Format your code according to the Format code with pre-commit.
Add unit tests according to the Run and add unit tests.
Update documentation according to Write documentations.
Provide accuracy and speed benchmark results according to Test the accuracy and Benchmark the speed.

gemini-code-assist · 2025-09-17T05:32:39Z

Warning

You have reached your daily quota limit. Please wait up to 24 hours and I will start processing your requests again!

DevashishLal-CB · 2025-09-17T05:43:45Z

Things Pending as of now

Cuda graph support, currently the fused activation pass doesn't work with cuda graph enabled
RMSNorm Quant fusion pass
Unit tests for fusion passes

BBuf · 2025-09-19T12:38:09Z

Can we add a sgl-kernel fuse kernel pass example? Such as topk_softmax

DevashishLal-CB · 2025-09-26T09:14:03Z

Can we add a sgl-kernel fuse kernel pass example? Such as topk_softmax

@BBuf Added the example for topk_softmax fusion, Also added rmsnorm_quant fusion pass with tests

This MR is ready for review, will look into cuda graph support and do it as a separate MR

Will collaborate with @yuan-luo

BBuf · 2025-09-26T12:46:51Z

Can we add a sgl-kernel fuse kernel pass example? Such as topk_softmax

@BBuf Added the example for topk_softmax fusion, Also added rmsnorm_quant fusion pass with tests

This MR is ready for review, will look into cuda graph support and do it as a separate MR

Will collaborate with @yuan-luo

Cool, we'll review ASAP.

yuan-luo · 2025-09-26T13:47:29Z

+from sglang.srt.server_args import ServerArgs
+
+
+class FusionManager(CustomGraphPass):


Instead of FusionManager, we prefer to do abstraction and form a PassManager, in which fusion is one type of all the Pass types like llvm pass concept. There can be other Pass types like AsyncTPPass, AllReduceFusionPass, RMSNormQuantFusionPass and etc.
Refer to https://github.com/sgl-project/sglang/pull/10987/files#diff-61475915ef47a86d47da62c647cd346f64c4b702c94728ab84172aed428e4fc0
for more details.

yuan-luo · 2025-09-27T12:27:01Z

#10987

yuan-luo · 2025-09-27T10:40:20Z

+from sglang.srt.server_args import ServerArgs
+
+try:
+    from vllm import _custom_ops  # noqa: F401


Don't depend on vllm.

I'll port over the kernel

yuan-luo · 2025-09-27T11:40:43Z

@@ -147,14 +156,21 @@ def patch_model(
            tp_group.ca_comm = backup_ca_comm


-def set_torch_compile_config():
+def set_torch_compile_config(server_args, model_config):


Parameters in def should have type.

yuan-luo · 2025-09-28T04:24:14Z

@@ -1788,6 +1788,8 @@ def init_device_graphs(self):
            return

        if self.device != "cpu" and self.server_args.disable_cuda_graph:
+            if self.server_args.enable_torch_compile:


Do we need to conduct torch_compile in case of disable_cuda_graph?

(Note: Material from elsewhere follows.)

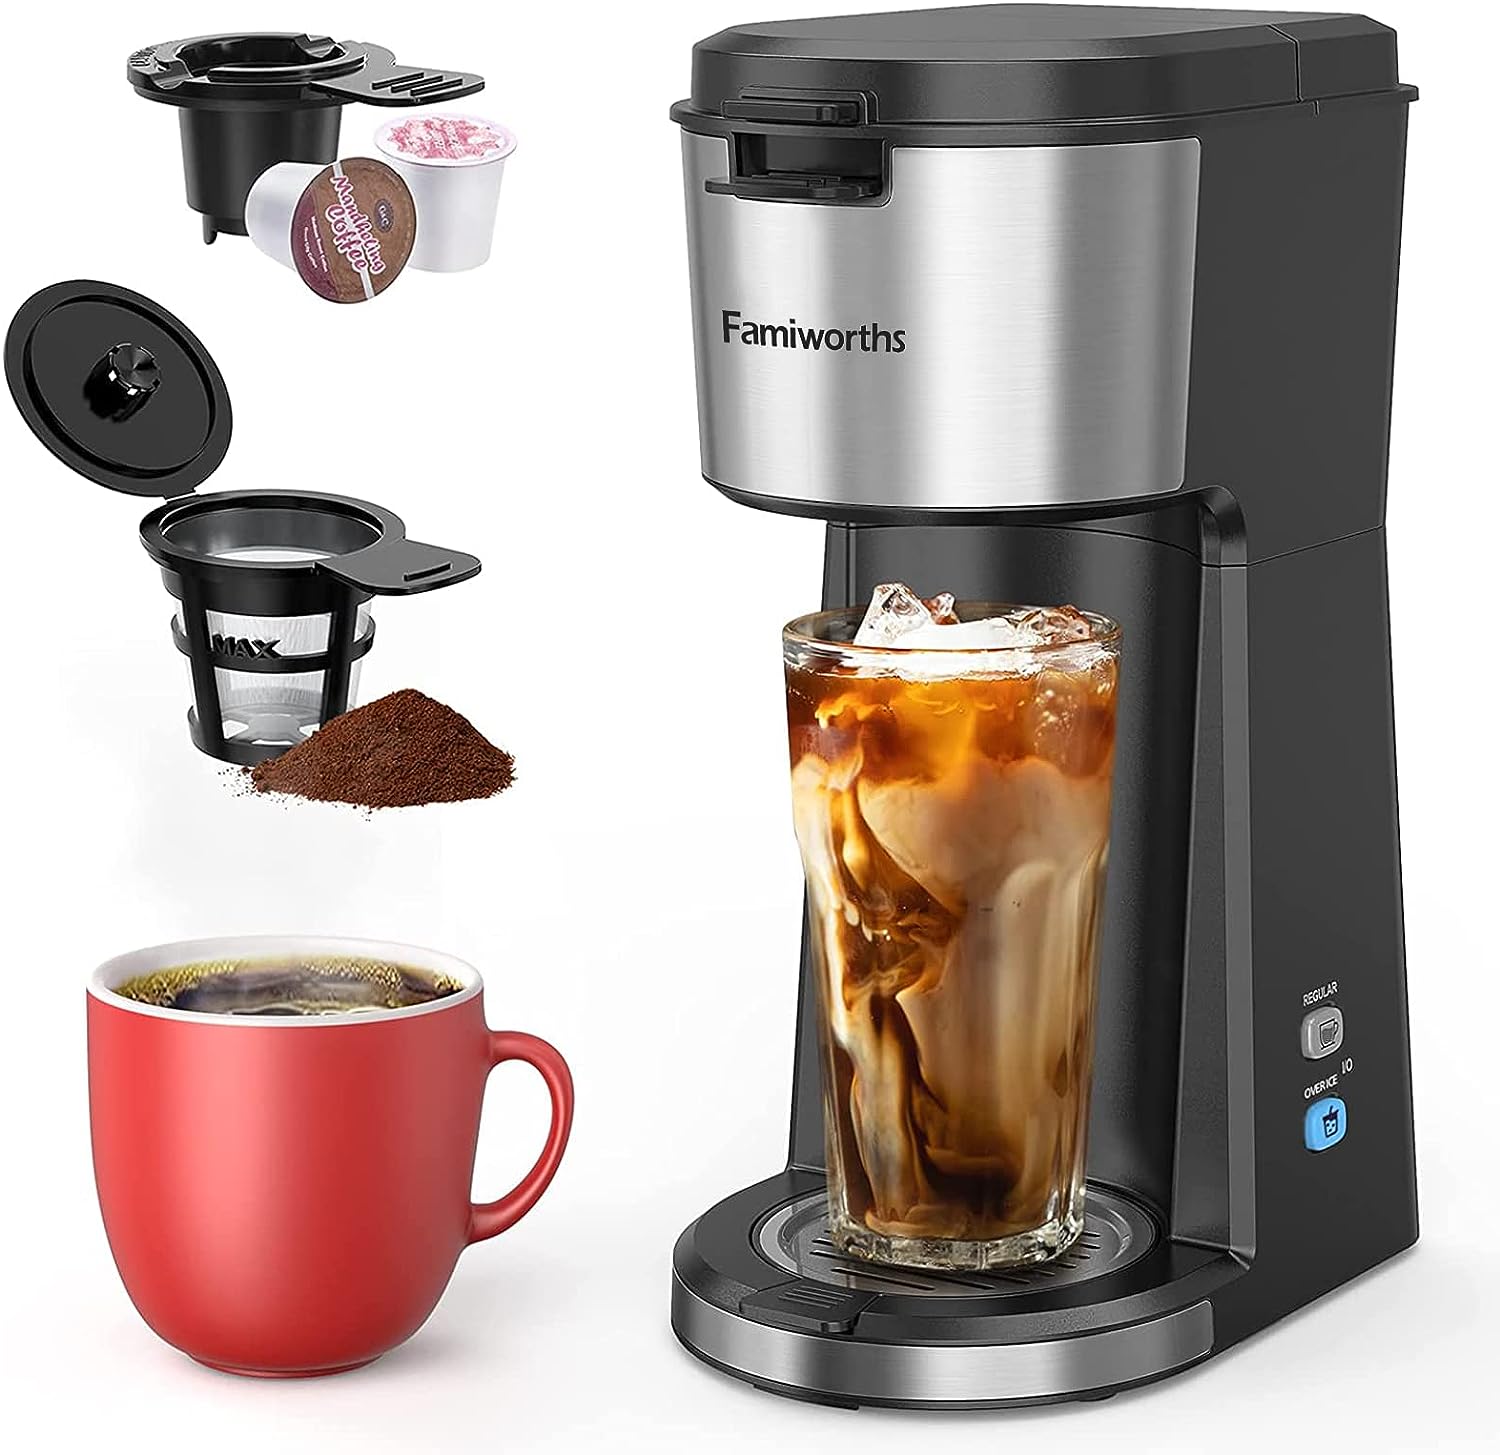 63a283ddc662ad10de67cb72 famiworths iced coffee maker hot and

I haven't looked into it much but two passes I added weren't working with cuda graph enabled, also I am not sure about if all other hw platforms support cuda graph

yuan-luo · 2025-09-28T09:09:47Z

+# limitations under the License.
+# ==============================================================================
+
+import logging


We'd better put this configuration file in the python/sglang/srt/configs/ directory.

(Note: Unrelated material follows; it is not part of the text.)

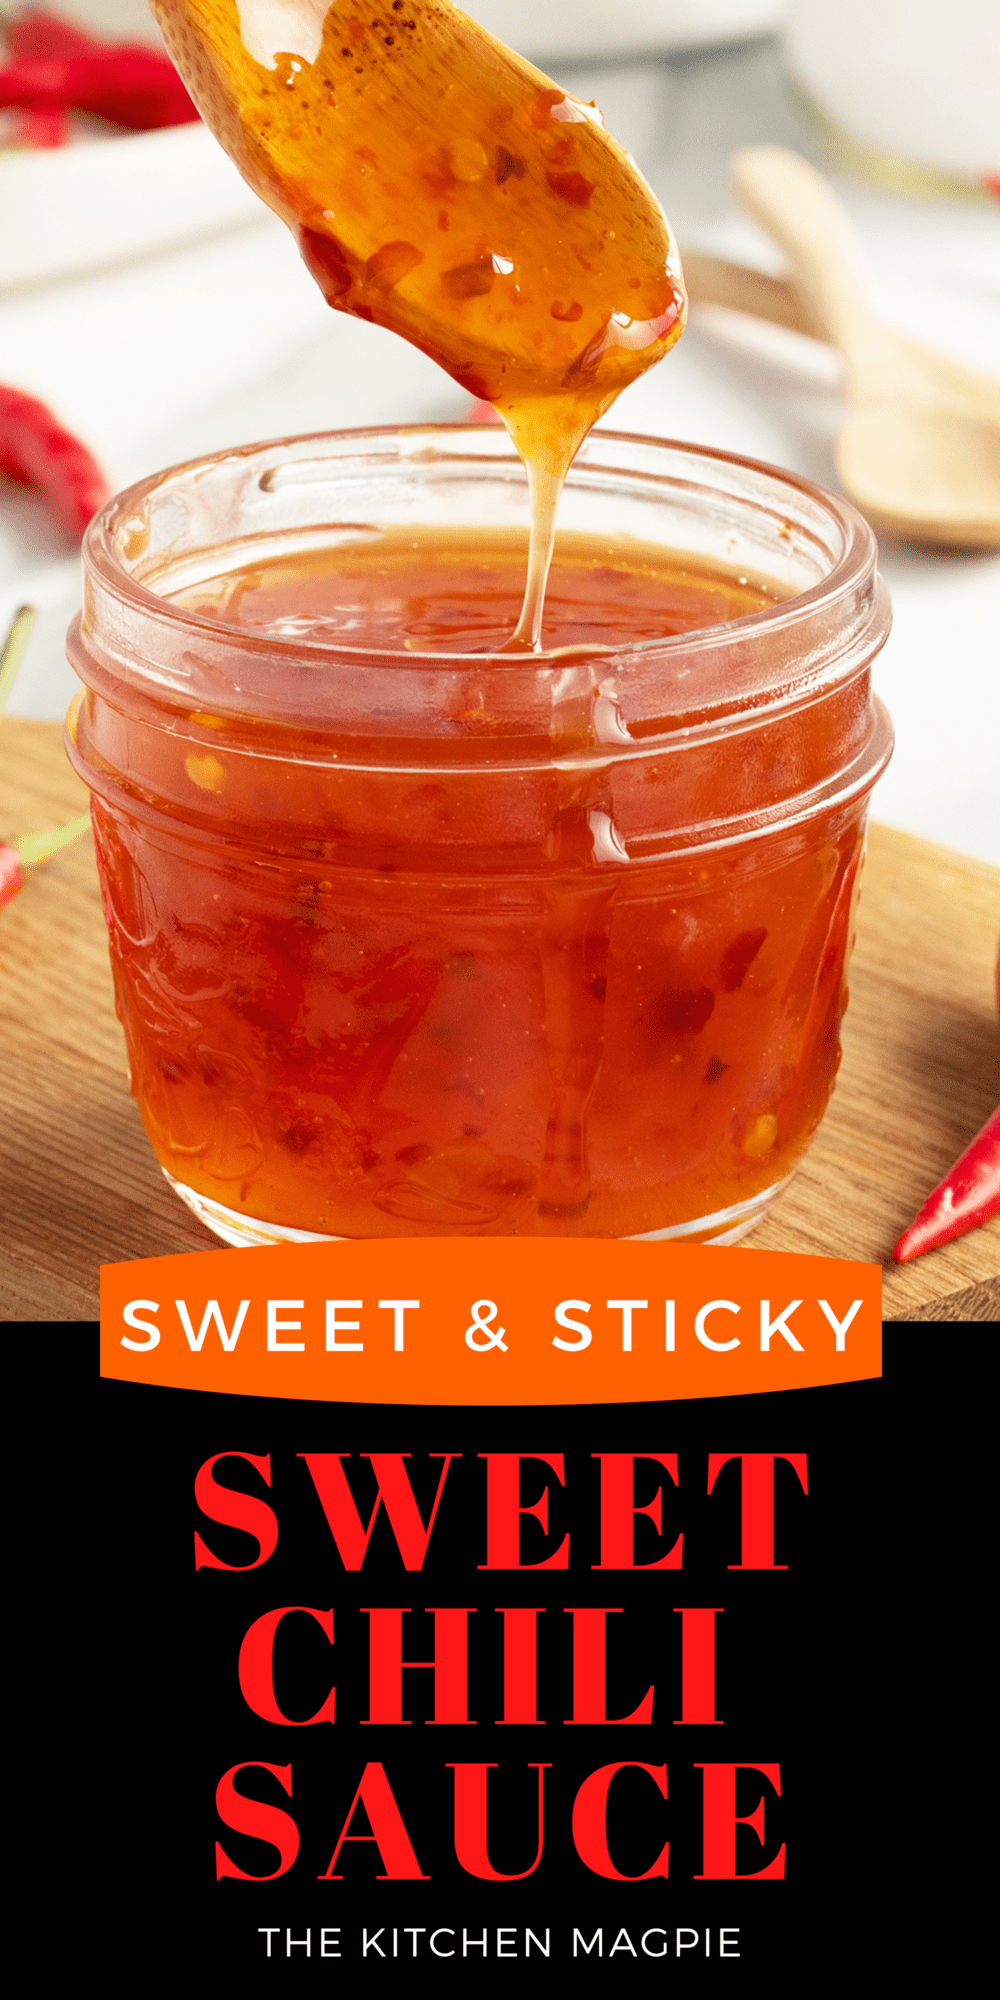 Perfect for dipping your spring rolls or coconut shrimp in, this sweet chili sauce is easy to make and easy to customize to your liking!

eshoguli · 2025-09-29T14:17:41Z

+    return torch.compile(
+        torch.no_grad()(forward),
+        mode=os.environ.get("SGLANG_TORCH_COMPILE_MODE", "max-autotune-no-cudagraphs"),
+        dynamic=False,
+    )


You have to use fullgraph=True. It's merge stopper, isn't it?

Currently dynamo encounters graph breaks on attention, a unified attention op would solve it as done here #10062

eshoguli · 2025-09-29T14:46:01Z

@@ -114,6 +114,21 @@ def _to_torch(model: torch.nn.Module, reverse: bool, num_tokens: int):
            _to_torch(sub, reverse, num_tokens)


+def _torch_compile_wrapper(forward):


No more design patterns in 2025 except Wrapper and Manager, right? [sarcasm]
Your function is Decorator, not Wrapper.

Yeah, this entry point is suppose to be a placeholder, once we have a custom backend (which will be required by piecewise cuda graphs) that would manage this invocation, I didn't wanna do a big diff

eshoguli · 2025-09-29T15:06:09Z

+from sglang.srt.compilation.fusion.fusion_pass import FusionPass
+
+
+class RMSNormQuantPass(FusionPass):


Not clear from name and namespace: what type of quantization is supported: fp8 / int8/ int4 or binary?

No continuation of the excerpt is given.